Active abilities vs. passives

Most T1/T2/T3 talents are passive scalars — they apply automatically while you're in the dungeon. T4 forks are usually a mix of one passive + one active. T5 capstones are almost always active abilities on long cooldowns. Actives bind to the in-game hotbar; passives just work.

Any active talent you've unlocked shows a big "+" badge in its top-right corner in the talent tree. The "+" means you can put this on your hotbar — click it to start assigning, then click a hotbar slot to drop it in.

Hotbar pages — one row per build

The talent hotbar ([hotbar) holds multiple pages of slots — it starts with 5, so the ◄ N/M ► arrows are right on the bar. Save a different build's actives to each row and flip between them. Your slot keybinds always fire the current page, so swapping pages swaps your whole ability set. Change how many pages you want (up to 5) from the right-click bar options, alongside slot count and orientation. Each page keeps its own bindings and your current page is remembered between sessions.

Assigning to a slot, and resizing the bar

There are three easy ways to fill a slot. (1) Click the "+" badge on any unlocked active in the talent tree, then click a hotbar slot. (2) Left-click an empty slot (it shows a soft "+") to open a menu of the talents you've unlocked in your current zone — pick one to slot it. (3) Right-click any slot for the same menu. When you send a talent to the bar, every slot lights up with a gold glow — click anywhere inside any glowing slot to drop the talent there (you no longer have to aim for a precise spot). To resize the whole bar, drag the small grip in its bottom-right corner: drag out to enlarge, in to shrink. The size is remembered per character. You can still set an exact size, slot count, orientation and page count from the right-click bar options.

Every active talent has a fixed cooldown listed on its node. The cooldown is dungeon-wide — you can't dodge it by leaving and coming back.

Loadouts (3 saved specs per archetype)

For each (dungeon, archetype) pair you get three save slots. Save your current Off/Def/Util spend into a slot, give it a 12-character name, and one click later you swap into a totally different build without re-spending every node. Save slots persist across server restarts.

Reset and refund

  • Refund one rank: right-click a talent to refund one point back to your available pool. If that drops the talent to rank 0, anything above it in the chain that depended on it is automatically refunded too — you never keep a talent whose prerequisite is gone.
  • Reset tree: wipes every rank in the current dungeon back to zero. EarnedPoints is not touched — you only lose the allocation, not the points themselves.
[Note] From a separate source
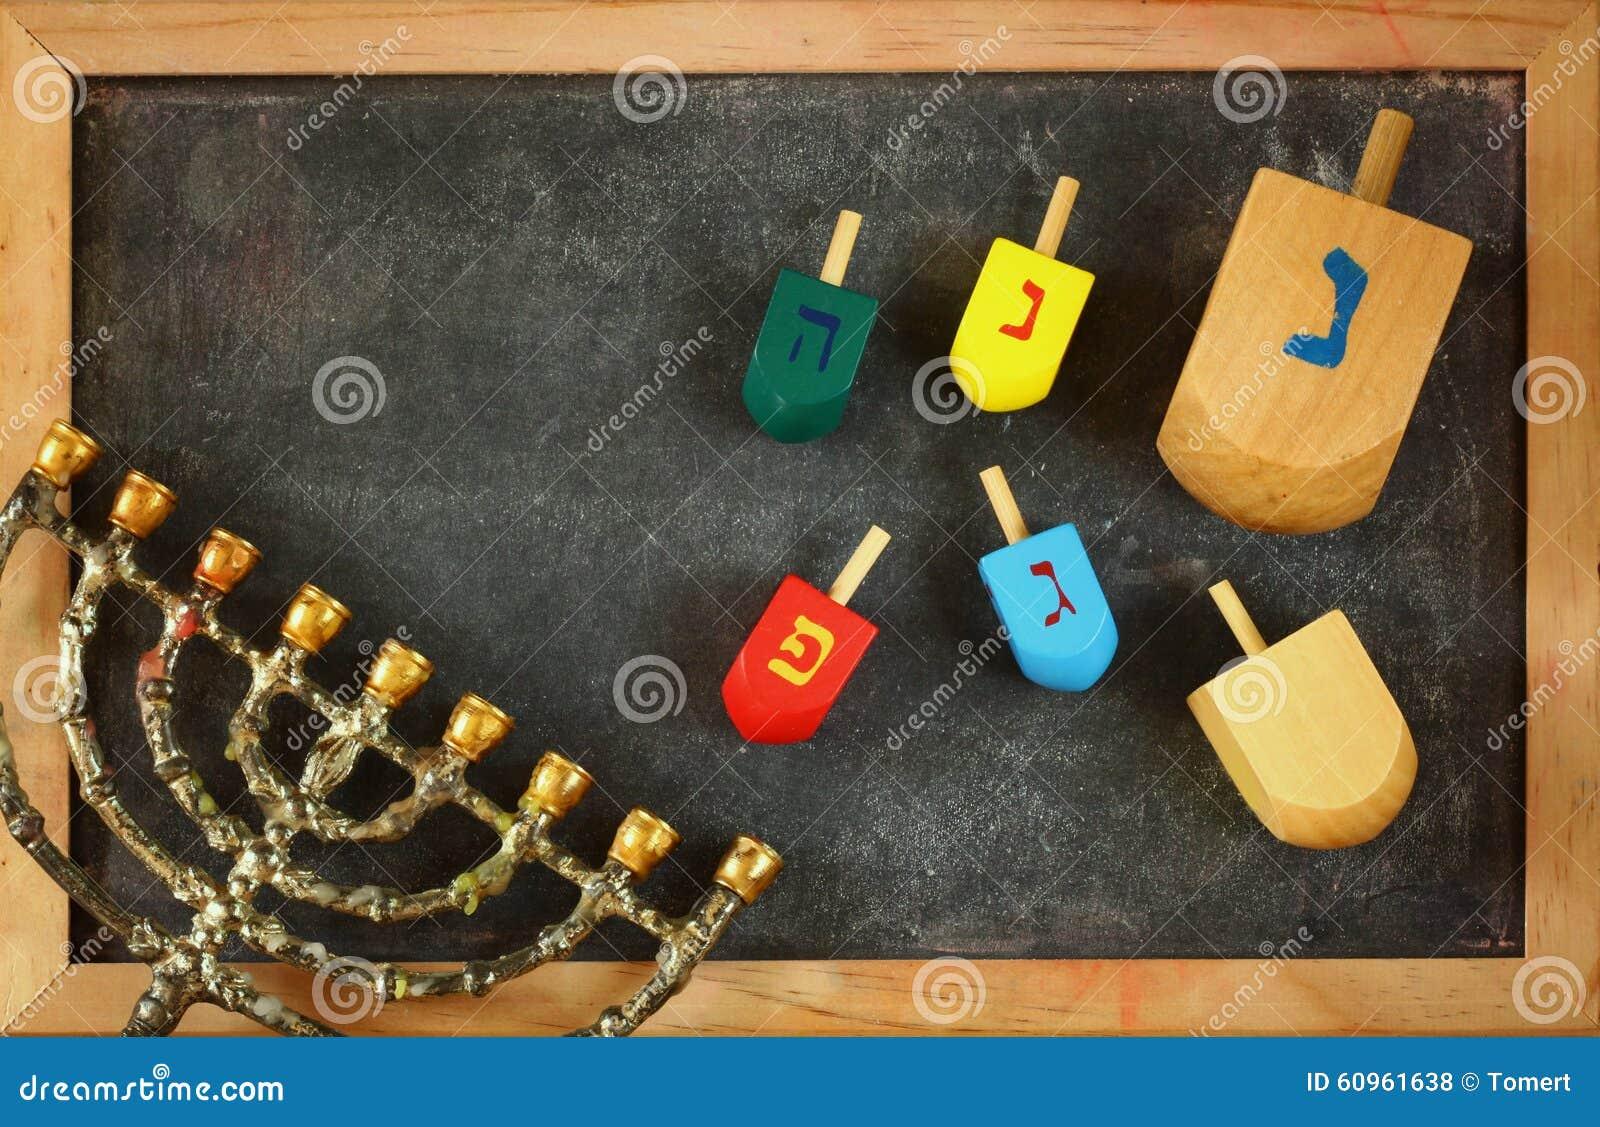 Image of jewish holiday Hanukkah.

Talent changes require you to be out of combat. Spending, refunding, resetting, and loading a saved build are all blocked while you're fighting — step out of combat for a few seconds first.

The reset / refund pipeline never destroys earned points. Experiment freely.

The dungeon zones

Zone What it covers
the-pit The Pit dungeon (Felucca, ~152x119 tiles)
ocean Anywhere you're on a boat
wilderness The default — every land tile that isn't a bounded dungeon and isn't on a boat

Ocean is checked first (so it always wins if you're on a deck), then The Pit's rect, then Wilderness as the catch-all. Each is its own pool — the gold and points are tracked entirely separately.